2.3 樣品中貝母辛、貝母素甲和貝母素乙含量的測定結果 由表2可知，9個不同產地的5大類貝母中，在達到定量限的供試品中，貝母辛、貝母素甲和貝母素乙的含量分別在19.7～937.6、6.2～221.2、31.2～599.2 μg/g。 其中，貝母辛在川貝母中含量最高，貝母素甲在梭砂貝母含量最高，貝母素乙在湖北貝母中含量最高。

表2 不同產地貝母中貝母辛、貝母素甲和貝母素乙含量 μg/g

2.4 貝母辛、貝母素甲和貝母素乙細胞毒性的評價 分別用0、3.125、6.25、12.5、25、50、100 μg/mL的貝母辛、貝母素甲、貝母素乙處理小鼠脾淋巴細胞后，細胞相對存活率及CC50如表3所示。

表3 貝母辛、貝母素甲、貝母素乙對小鼠脾臟淋巴細胞的毒性

由上述結果可知，貝母辛、貝母素甲、貝母素乙的半數致死量 （CC50）分別為65.38、146.8、91.44 μg/mL，其中，貝母辛對細胞毒性最大（CC50＝65.38 μg/mL）。 依據William S.Stokes（程顯隆等，2008）建立的體外實驗對于急性毒性實驗起始劑量的公式：log（LD50）＝0.435×log（IC50）+0.625，IC50＝CC50＝65.38 μg/mL，計算出小鼠的LD50為0.796 g/kg。默認每日服藥量為ED50，治療指數TI＝LD50/ED50，依據經驗值，人的劑量為LD50＝0.796/9×70＝6.191 g。貝母辛在川貝母中的含量最高，為937.6 μg/g，《中國藥典》2020版（一部）記載川貝母的用藥量為3～10 g（程顯隆等，2008），得出川貝母的治療指數（TI）為661～2203。 當治療指數TI＞10時，說明用藥安全，故在不考慮貝母辛對胚胎細胞潛在致畸毒性的前提下，可認為不同產地貝母的臨床用藥安全。

3 結論與討論

貝母中的主要活性物質生物堿的化學結構中沒有共軛雙鍵和發光團，不能直接用紫外檢測器進行分析和檢測。HPLC-ELSD適合于沒有紫外吸收、不易揮發的化學成分的含量測定。本文采用HPLC-ELSD方法對9個產地的貝母中貝母辛、貝母素甲、貝母素乙的含量進行測定和比較分析，該方法靈敏度高，干擾少，重現性好，是檢測貝母中甾體和異甾體生物堿有效、簡便的分析方法。

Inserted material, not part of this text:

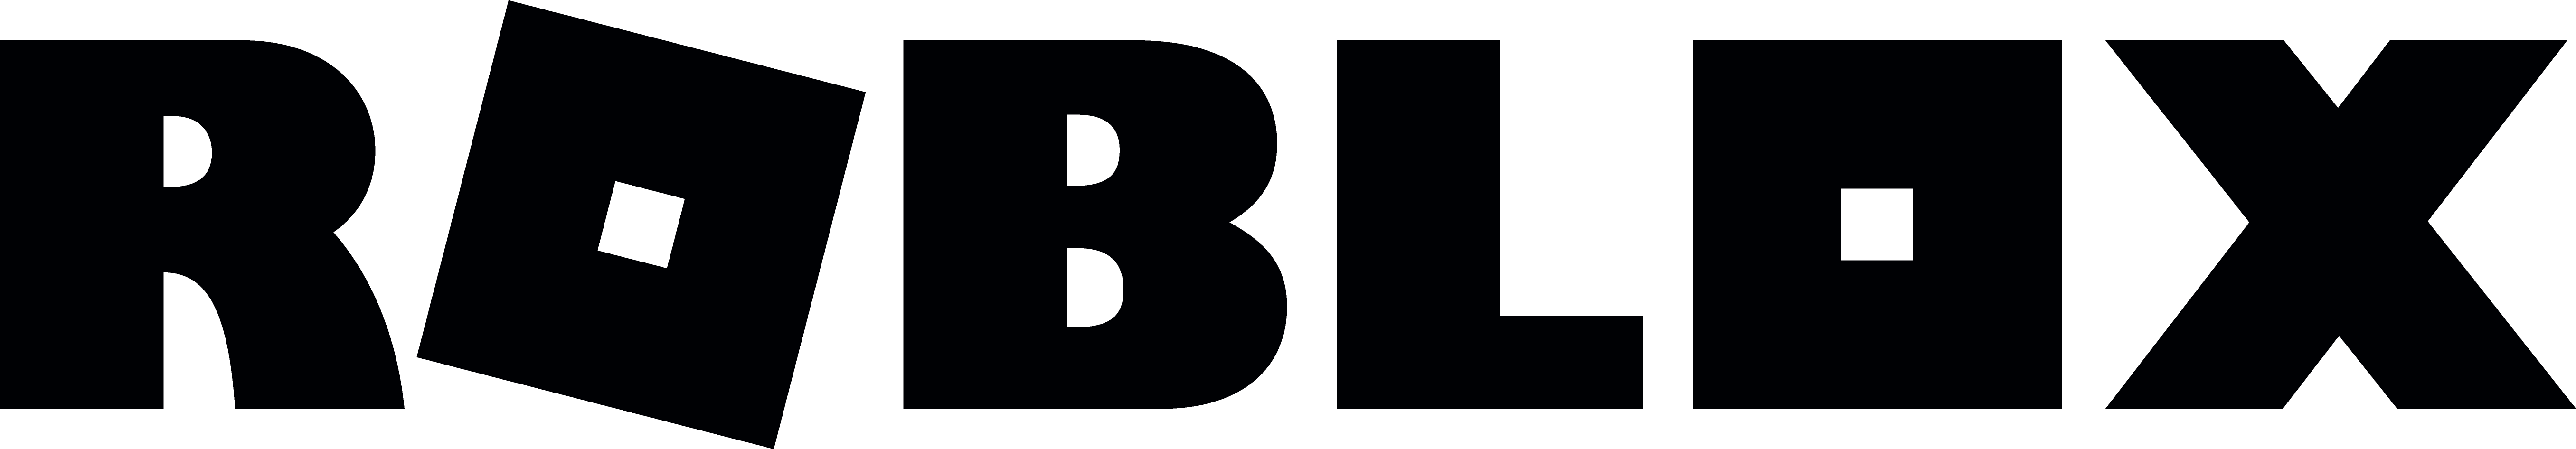 Logo-Roblox-Black-Full.png

不同產地貝母藥材中，貝母辛、貝母素甲、貝母素乙含量測定的結果顯示，浙貝母和湖北貝母中3種生物堿含量都較高。平貝母中3種生物堿含量都很低，均只達到檢測線，但未達到定量限，這與周劍俠等（2006）的研究結論相符，即平貝母中單一生物堿成分含量過低，不宜作為平貝母藥材的質量控制指標；以平貝母中總生物堿含量作為質量控制指標，能更客觀地反映平貝母活性成分情況。在伊犁貝母中，貝母素甲和貝母素乙含量都較低，貝母辛含量相對較高，與文獻報道相符。瓦布貝母和濃密貝母是川貝母的新培育品種，瓦布貝母中貝母辛和貝母素乙含量都較高；貝母辛、貝母素甲和貝母素乙三個單體成分，在暗紫貝母、川貝母、梭砂貝母等組成的川貝母復合群中，整體含量偏低。貝母素甲在瓦布貝母中達到檢測限，但未達到定量限（朱明，2011）。

周劍俠等（2006）研究表明，當異甾體生物堿結構中同時存在醚氧結構和呋喃環時可能會對妊娠期的動物和人的胚胎產生致畸作用。本文所測貝母的3種生物堿中川貝母中貝母辛的含量最高，川貝具有悠久的應用歷史，一直是貝母藥材重要品種之一，故貝母辛的遺傳毒性仍需引起關注。